Once thinking about any solution hope it is fair to evaluate what the explore has to say regarding how effective the remedy is. For individuals suffering from peripheral neuropathy, there is great information regarding chinese medicine.

A 2007 examine entitled “Clinical commentary on bring about of acupuncture in healing diabetic peripheral neuropathy” concerned a overall of 60 participants. The study observed which individuals receiving chinese medicine had a statically higher remodeling in neurological signs and symptoms as well as enhanced nerve act for each sensory and engine nerve conduction when in contrast to the control organization team.

An additional examine carried out in Africa in 2006 located that for the 126 individual patients which received traditional chinese medicine for person suffering from diabetes peripheral neuropathy, 86% deemed the therapy as being efficient for lowering symptoms in their fingers and ft.

In a 2006 Canadian examine entitled “Traditional chinese medicine treatment for chemotherapy-induced peripheral neuropathy–a claim series” chinese medicine was utilized in five instances to decrease neuropathic pain in cancer patients. The chinese medicine treatment was considered effective in these instances where medication had failed.

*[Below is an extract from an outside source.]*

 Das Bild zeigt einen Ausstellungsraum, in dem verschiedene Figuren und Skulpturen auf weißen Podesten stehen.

And finally, in a Chinese language examine involving 90 participants, individuals receiving whole body or arm and ankle traditional chinese medicine has appreciably improved blood vessels glucose and lipids, decreased bloodstream viscosity, and enhanced features of peripheral nerve cells, therefore provoking therapeutic results for diabetic peripheral neuritis when in contrast to the control organization team. The examine additionally observed no significant difference in between the full body group and the ankle and arm remedy group.

Doing so sampling of the research in the use of acupuncture for the solution of peripheral neuropathy is really encouraging. Due to the nominal facet effects using chinese medicine in contrast to pharmaceutical remedy options, traditional chinese medicine should be regarded as as a reasonable treatment option for symptoms of neuropathy.

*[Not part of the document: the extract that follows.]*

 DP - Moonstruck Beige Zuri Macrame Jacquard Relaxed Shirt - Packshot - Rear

Is Chinese medicine Effective For Peripheral Neuropathy Pain? – Check Out peripheral neuropathy and neuralgia

Read Full Post »

See detail, click the link:

http://www.youtube.com/watch?v=QDGs1FU4v1s

www.ChineseMedicineDoctor.US

For more Videos, please click:

http://www.youtube.com/my_videos?feature=mhw5

Read Full Post »

We received many calls about the inquiry of Chinese medicine / acupuncture for Peripheral Neuropathy treatments in recent months due to our patients and MDs’ referrals.

We have treated such condition since 1989 when Dr.Fan started a Chinese medicine neurology in Nanjing, China.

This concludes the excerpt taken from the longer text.